The Amazing Perplexity Cure

By MARC SIEGAL

MAIMONIDES
By Sherwin Nuland
256 pages. Schocken. $19.95

Dr. Sherwin Nuland, esteemed Yale surgeon and author, has written a compelling book about the life and times of the Rambam, Rabbi Moses Maimonides, that succeeds in creating a new and vital perspective on the great Jewish leader.

Nuland’s book is the result of an old Jewish dictum that one is not allowed to turn away from a responsibility. One thing that all modern physicians continue to have in common with the great Maimonides is that our lives and our medical practices are teeming with people with urgent requests. And for our patients, like Maimonides' patients, these requests demand a mixture of the medical science of the time, and faith. Faith in medical science, but above all faith in God, faith that illness will give way to cure.

We provide the best treatments we can bring, but beyond this, there is the hope, the faith, that defies statistics. In my practice, there are cancer patients who have outlived their diagnoses as well as those who have died before predicted. One man with a set of leaking capillaries has conquered his grim prognosis and returned to a normal life without illness. Another patient falls in his bathtub and dies instantly. It is my responsibility to care for all, the survivors as well as those who die.

For Maimonides, there was the drive to explain, to interpret his faith and belief in Torah in the context of what he knew about science, to interpret for the Jewish people of his time and since—his attempts, in his first two great works, The Commentary on the Mishnahand The Mishnah Torah, to help explain the Talmud and Jewish teachings in a way that the common man could understand.

By the time of his third great work, The Guide for the Perplexed, Maimonides was also working as an extremely busy physician, and according to Nuland, he was attempting in his writings to reconcile the Aristotelian science of the times with a theretofore uncompromising religious faith.
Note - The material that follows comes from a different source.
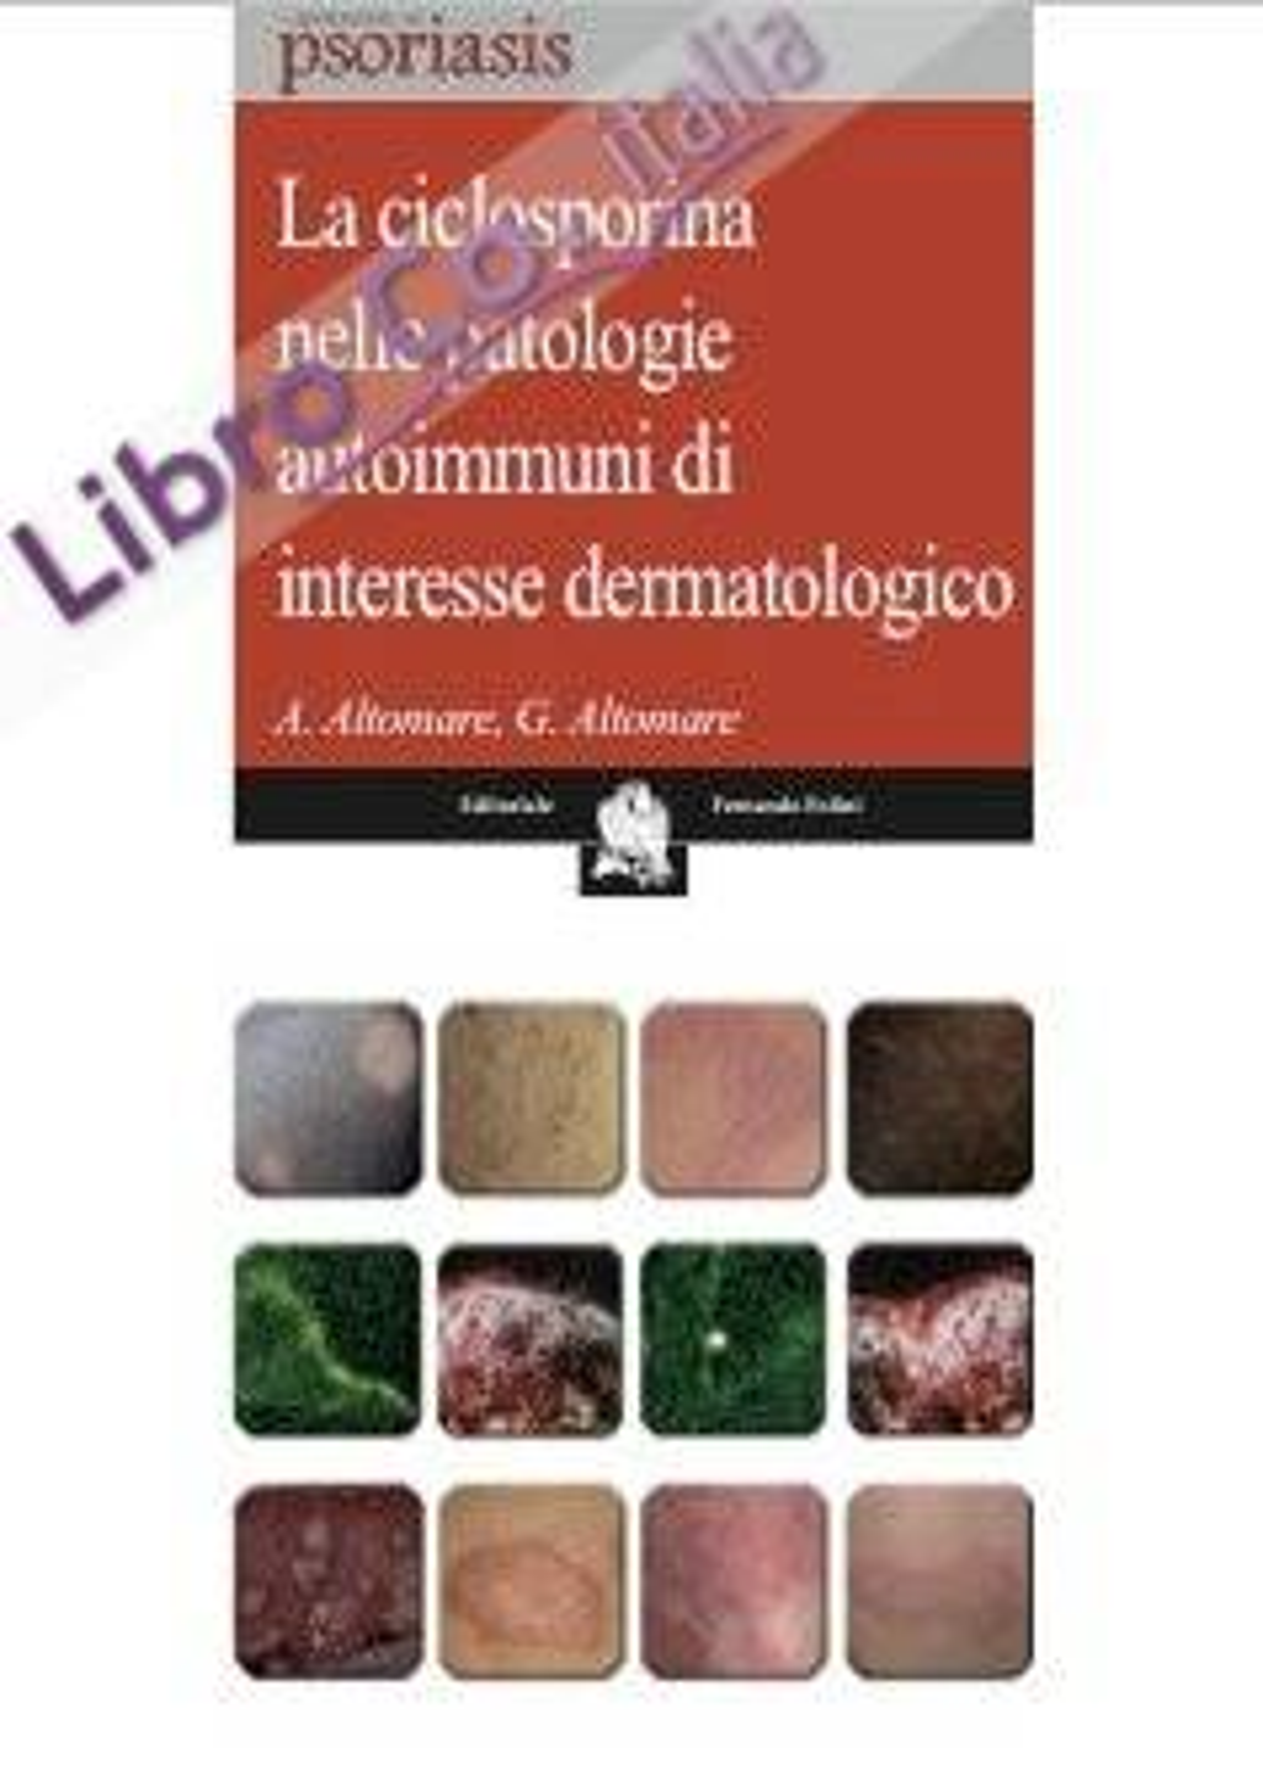 La ciclosporina nelle patologie autoimmuni di interesse dermatologico.

In fact, it is this attempt at understanding both science and religious philosophy simultaneously that Nuland suggests is one of the Rambam’s most characteristic and possibly transcendent contributions to Jewish teaching. It is also what brought Maimonides the greatest criticism, and may be why his final great work was tailored more for the elite intellect, for those who could better understand seemingly contradictory explanations at the same time.
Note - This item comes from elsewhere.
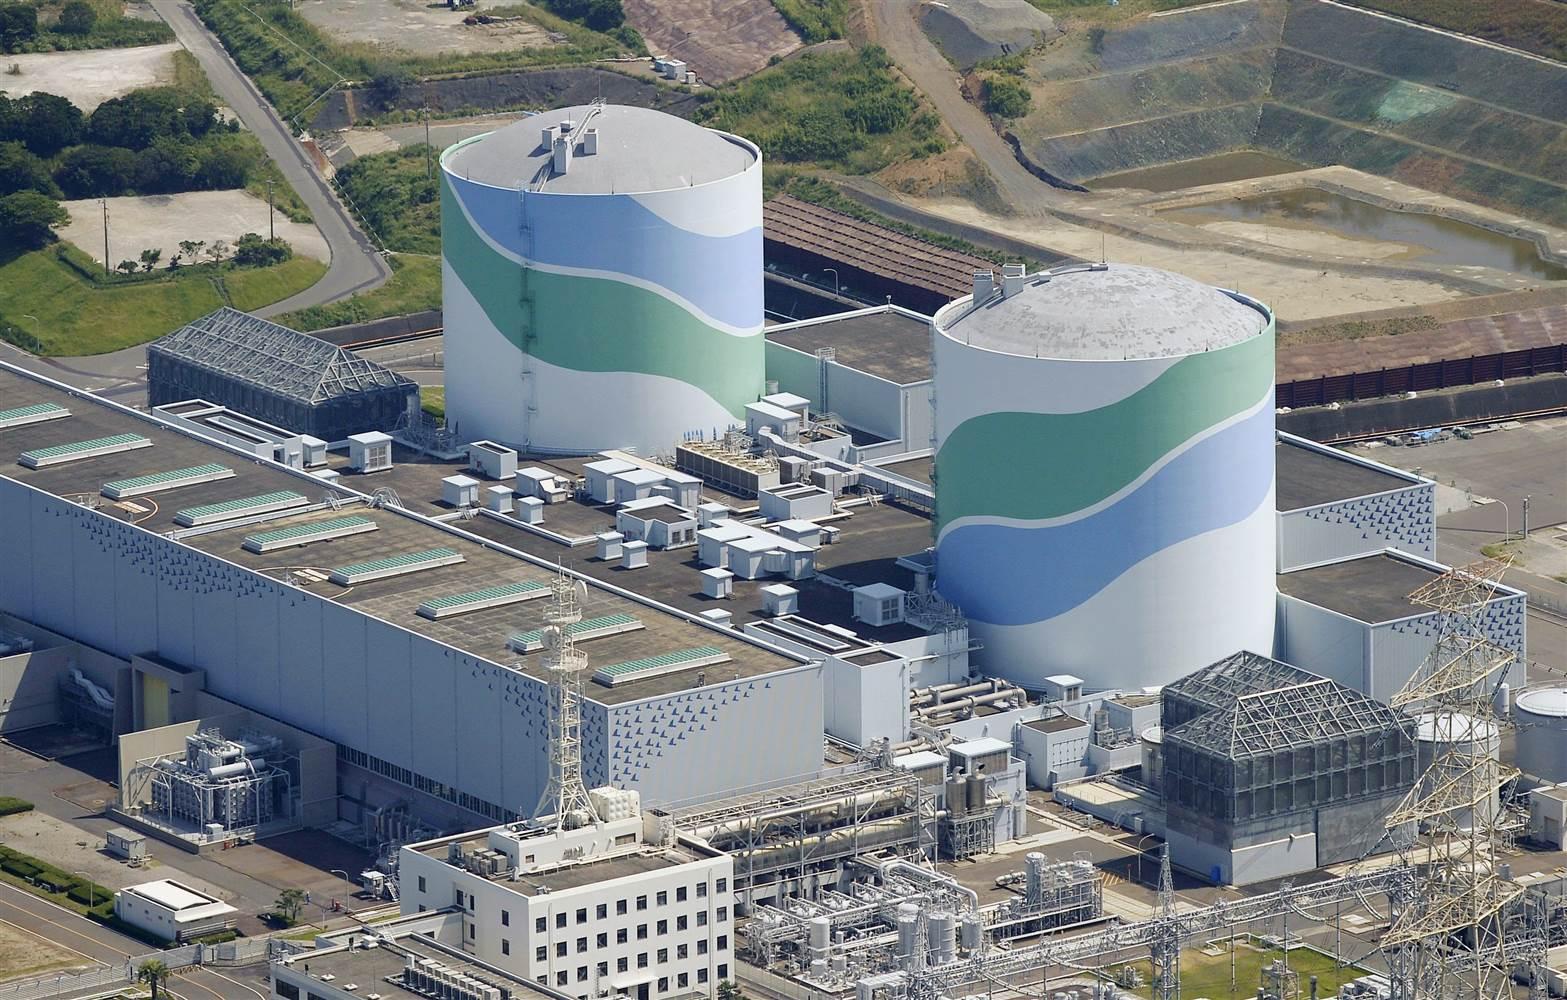 jaderná energie - První blok JE Sendai obnovuje po plánované odstávce provoz - Ve světě (150811 sendai power plant jpo 336a 8f3e8a62970a0e116c7ec9def419fa8f nbcnews ux 2880 1000) 1

“The philosophical problem of the era in which he lived was to find a conciliation between faith and reason… What the Rambam did throughout all of his writings…was to attempt an incorporation of philosophy and science into religious thought… to him, such a consideration not only made theological sense but was a means of his people’s survival.”

Nuland’s book is an interesting accomplishment which in just over 200 pages manages to provide insight into both the great man’s life and his work. He traces how the death of Maimonides’ brother leads him to profound depression and heart disease, which is later worsened by criticisms of his works. We are able to visualize both Maimonides life and his world, crucial to seeing him in perspective. In one of his best insights, Nuland critically evaluates Maimonides as a physician, and rates him as very popular but not transcendent. After all, he was practicing at a time when doctors still believed in the body “humors,” when medicine remained in the Dark Ages. But by helping us to understand Maimonides essential limitations as a doctor, Nuland also allows us to see, by contrast, his transcendence as a great religious thinker and philosopher.

If there is a limitation to this book it is to be found in the massive volume of Maimonides’ literary contribution. Nuland cannot possibly wrap his mind around all of it in a brief account. More direct quotes from the Rambam’s great works might have been helpful. Overall, Nuland’s deft literary strokes are on the mark. What we are brought to cherish is a well chiseled yet sweeping account of a great master in the context of his time and ours.